R-CNN had several benefits over traditional approaches, but it also had significant disadvantages. Due to the need for a fixed-size input image during testing, the CNN had to be laboriously recalculated. The multi-stage R-CNN training process required a lot of time and storage. [19] Due to the high amount of region proposal duplication, the process took a long time, and information loss and distortion happened when the region proposals were distorted or cropped to the required size, lowering the recognition accuracy. He and his collaborators created SPPnet, which uses the 5th convolutional layer (conv 5) to express random-sized region proposals as fixed-size feature vectors. A spatial pyramid pooling layer (SPP layer), which was added after the final convolutional layer, produced feature vectors that were more useful. However, SPPnet continues to encounter storage space constraints and an accuracy reduction in deep networks due to the inability to update the convolutional layer before the SPP layer.
Girshick proposed Fast R-CNN as a remedy for these problems. The convolutional layer in this technique uses the full image to analyse and generate feature maps. Each region proposal is processed via a ROI pooling layer to extract fixed-length feature vectors. These feature vectors are then processed through many fully connected layers to produce category probabilities and bounding box positions. Truncated singular value decomposition (SVD) is used in the fc layers to speed up the pipeline. Following that, the RPN was used to predict item placements in other object detection networks, leading to a quicker R-CNN that ran for shorter periods of time.[8]

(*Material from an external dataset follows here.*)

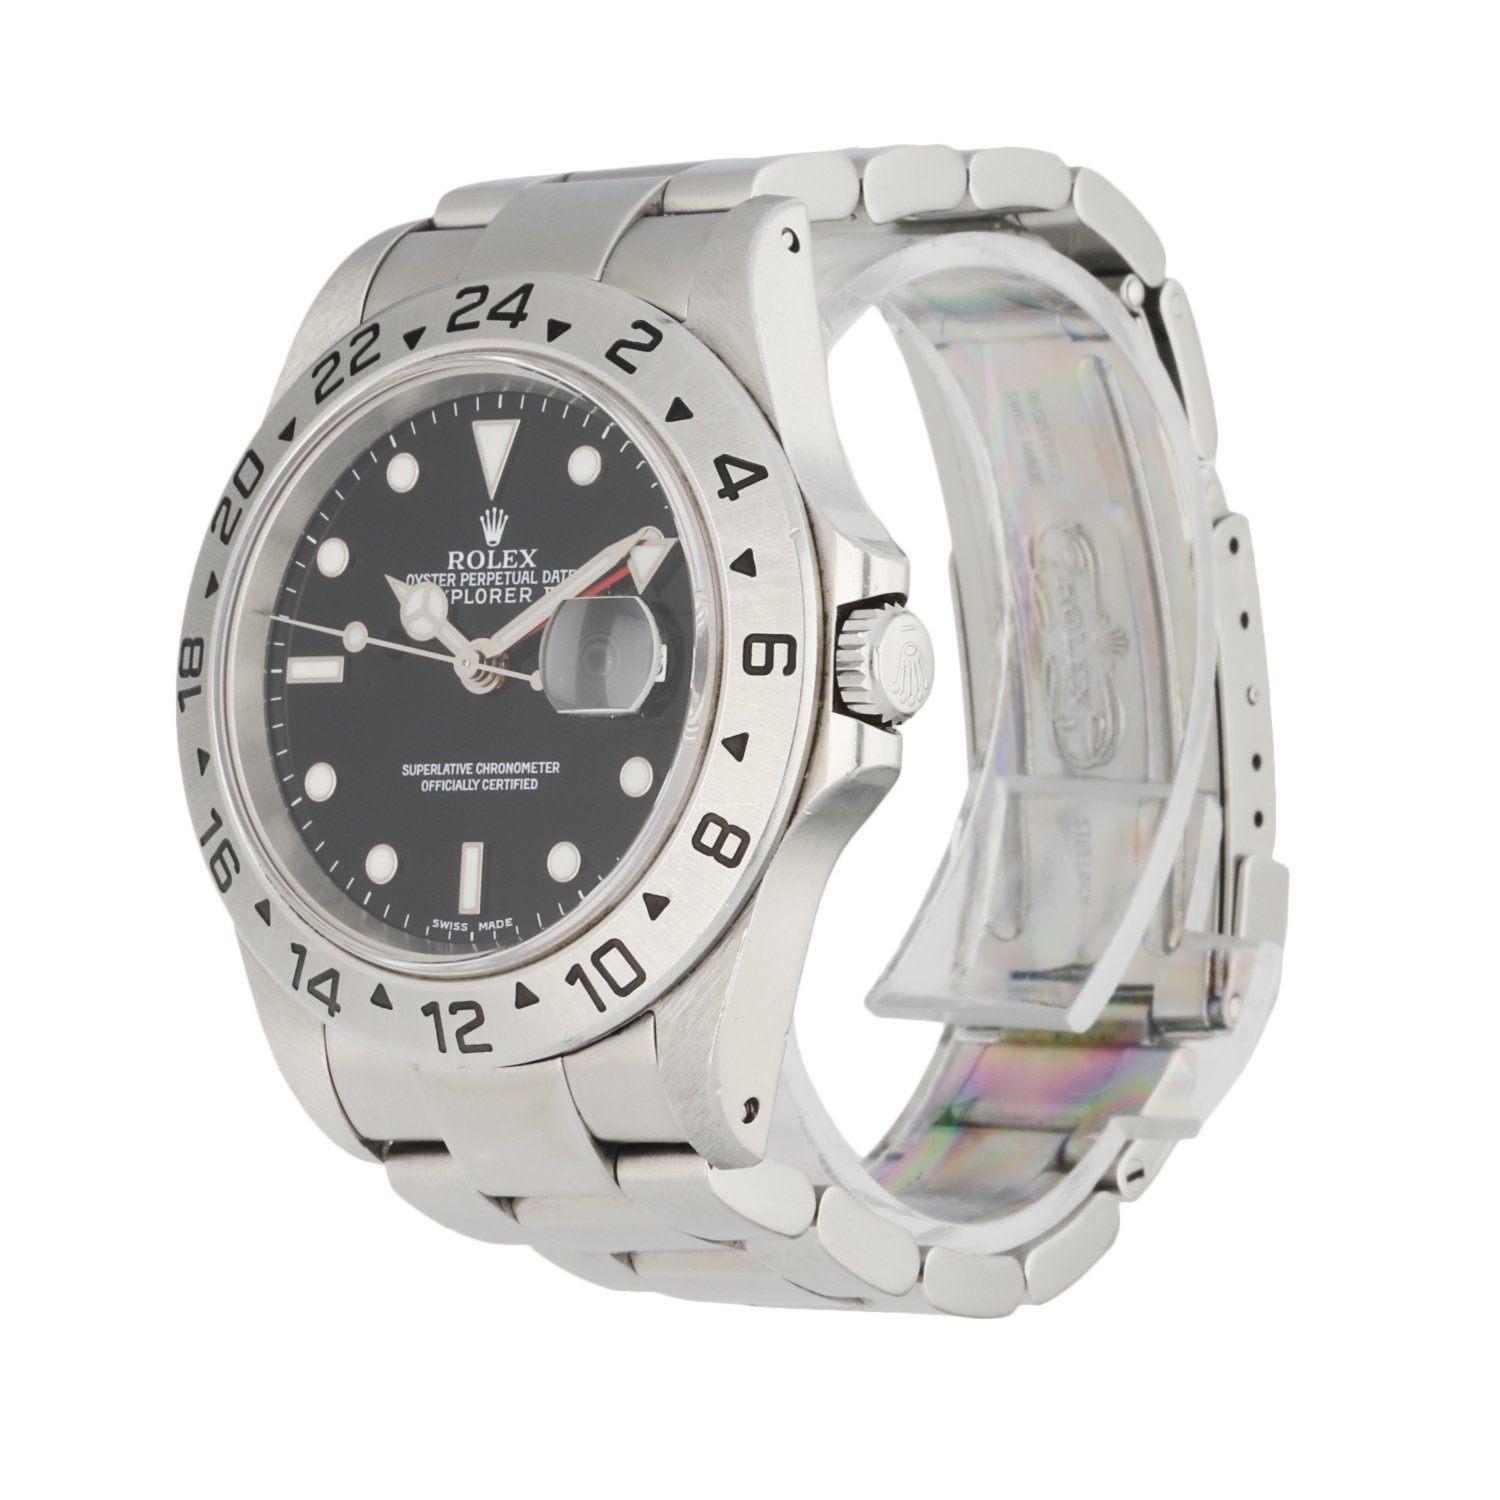 Rolex Explorer II 16570 men's watch. 40mm stainless steel case. Stainless steelÂ fixÂ bezel with 24 hour black bezel insert. Black dial with luminous steel hands and dot hour markers. Minute markers on the outer dial. Date display at the 3 o'clock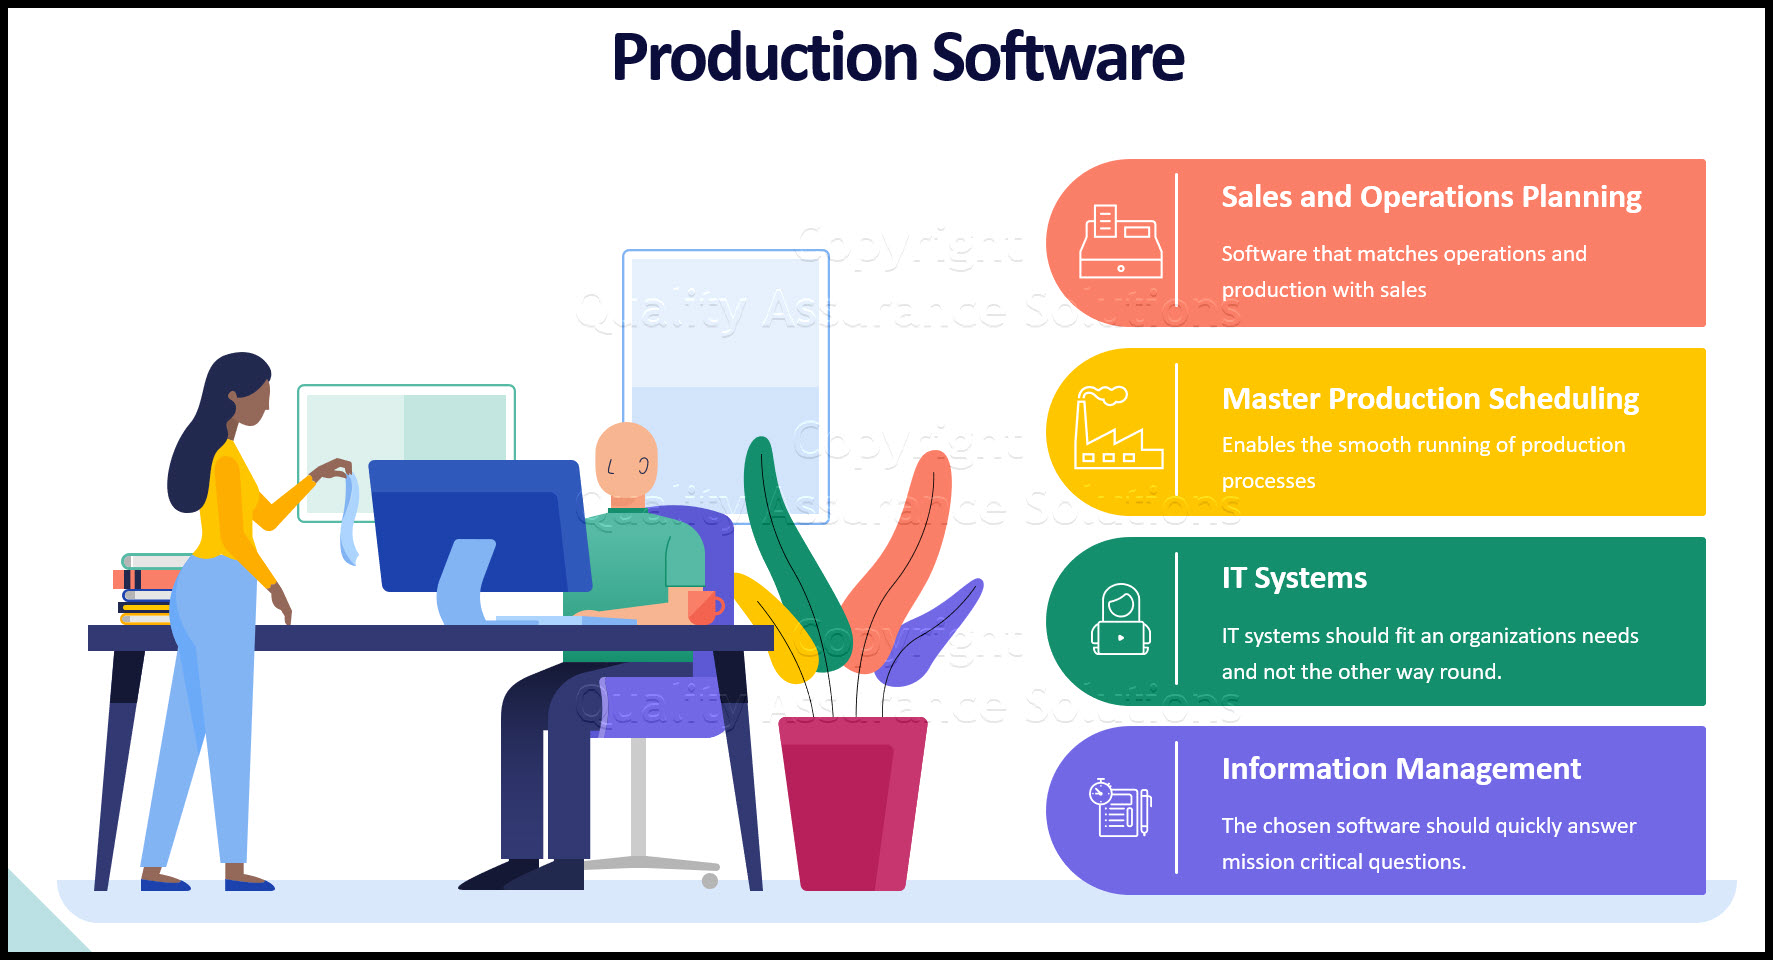 We discuss master production scheduling software and key points to consider when implementing MPS and S&OP.

The semantic gap of complex patterns in the context of disaster response and urban planning utilizing high-resolution pictures can be effectively closed using deep learning. However, object boundaries are hard to capture using deep learning techniques. A method is suggested to increase the precision of high-resolution picture categorization by combining deep feature learning methods with object-based classification. The two steps in this strategy are deep feature extraction using CNN and object-based classification using these features. The effectiveness and precision of the object recognition techniques R-CNN, SPPnet, Fast R-CNN, and Faster R-CNN have continually improved. The effectiveness of feature extraction and recognition has significantly increased because of CNNs and deep learning. [9] However, problems like the need for fixed-size input and processing costs persisted. The proposed combination of deep feature learning and object-based categorization shows promise for improving accuracy in high-resolution picture analysis, particularly for applications in disaster relief and urban planning.
V. APPROACHES
For each class that has pretrained support vector machines (SVM), the likelihood of locating the objects using these feature vectors is forecasted. Linear regression can be used in the region proposal, which alters the bounding box shapes and sizes, to lessen the error in object localization.
2. Speedy R-CNN: The Fast Region-based Convolutional Network (Fast R-CNN) was developed in 2015 by R. Girshick et al. [6]. It shares some similarities with RCNN, but its main objective is to shorten the time required to assess each area proposal that is connected to numerous models. Fast R-CNN uses several Convolutional layers and the full image as an input, in contrast to R-CNN, which requires CNN for each region proposal. The area of interest (RoI) is located using a selective search method on CNN's feature maps. With length and width as the main considerations, the RoI pooling layer should be utilized to condense the size of the feature maps in order to produce an accurate region of interest. [15] The output from each individual RoI layer is fed into the fully-connected layers, which then produce a feature vector. These feature vectors and a SoftMax classifier are then used to identify the items, and a linear regression is used to alter their placement.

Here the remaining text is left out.